The new guidelines, the first for nine years, re-state Japan's constitutional pledge never to threaten other nations.

But the changes also ease some of the restrictions on Japan's military, allowing it to collaborate with the US in areas of missile defence.

The report singles out North Korea as a particular area of regional concern, along with China's military build-up.

The guidelines were unveiled just a day after Japan extended its troop deployment in Iraq for another year.

KEY RECOMMENDATIONS
Re-states 1945 pacifist constitution
Partially lifts arms sales ban, to allow joint US missile research
Highlights N Korea and China as nations to monitor
Military spending to be cut, reducing troop levels
More emphasis on terrorist and missile threat
Signals wider role in global peacekeeping missions

The non-combat mission has caused controversy in Japan, being the nation's first mission since 1945 to a country where fighting is under way.

Pacifist nation

In its new National Defence Outline - covering a period from April 2005 to March 2009 - the cabinet was careful to stress the principle of self-defence which has governed Japan since 1945.

"Abiding by the basic principle under Japan's constitution, our country, devoting itself entirely to self-defence, will never threaten other countries or become a military power," the document said.

But the plan does allow for certain key changes, in order to reflect what Japan sees as the world's changing security situation.

A ban on arms sales will no longer apply in areas like anti-missile defence, where Japan wants to develop new systems jointly with the United States.

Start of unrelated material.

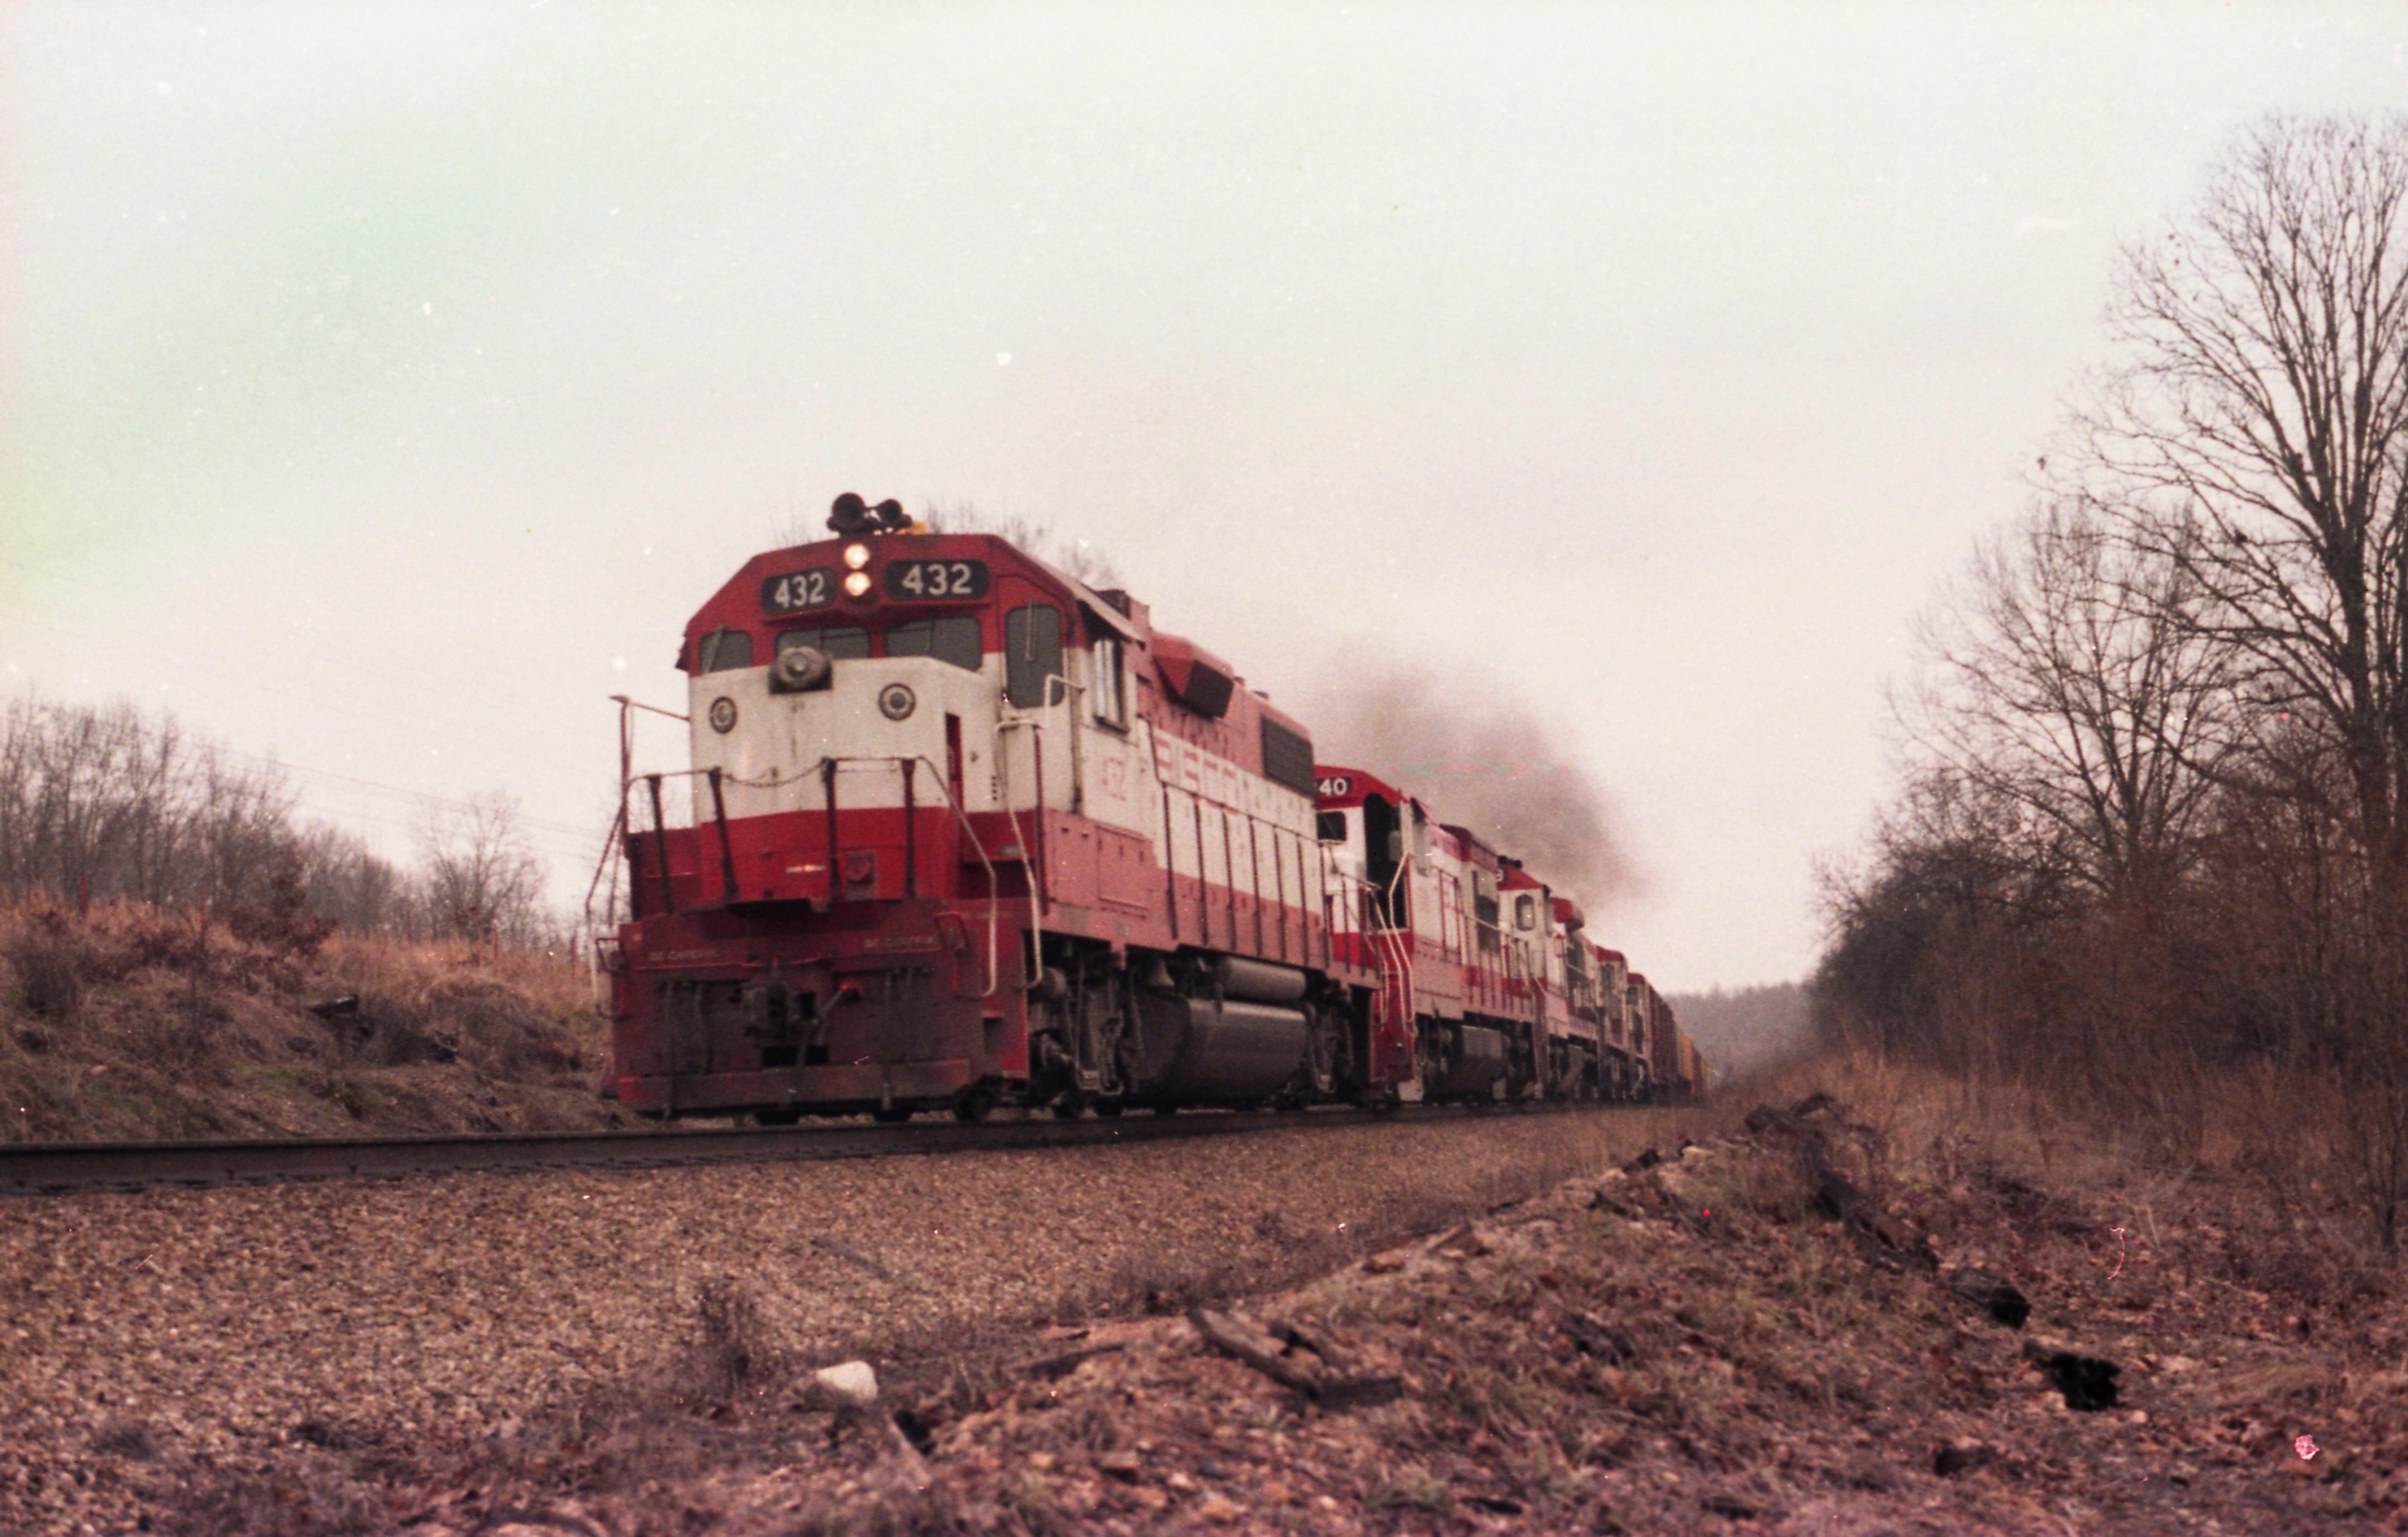 GP38-2 432, U30B 840, B30-7 869, U25B 831, B30-7 865 and Boxcar 47220 North of Thayer, Missouri on December 31, 1979

The new guidelines identify North Korea as an area of concern, describing the Stalinist nation's military moves as "serious, destabilizing factors for regional security".

North Korean tanks
Neighbours like North Korea are making Japan nervous
North Korea's possession of missiles which can reach Japan has persuaded many Japanese that their country should rely less on the US - and more on itself - for security, according to the BBC correspondent in Tokyo, Jonathan Head.

China's military build-up was also singled out as an area which Japan needed to monitor.

"China, which has a great impact on security in this region, is pushing ahead with enhancing its nuclear and missile capabilities... We need to continue to watch these moves in the future," the guidelines stated.

The two countries have a prickly relationship, complicated by memories of Japan's occupation of China during World War II, and more recently by rivalry over diplomatic influence and access to natural resources.

Overseas missions

Under the new guidelines, military spending is due to be cut by more than 3% over the next five years, and troop levels are set to be reduced by 5,000 to 155,000.

But Friday's announcement also signalled a move to more mobile and multi-functional military capabilities, and the need for a more proactive contribution to peacekeeping.

According to our correspondent, this suggests that in future Japanese forces will be deployed overseas more frequently.

But the new policy does not incorporate a controversial suggestion by business leaders and academics that Japan should consider acquiring a pre-emptive strike capability.

"We are not in a position to consider having the capability of attacking missile bases in an enemy country," a senior Japanese official told Reuters news agency.

None of the changes announced on Friday amount to a revolution, according to our correspondent.

But there is little doubt that they set Japan on the path to becoming a nation whose military muscle more closely reflects its economic power, he says.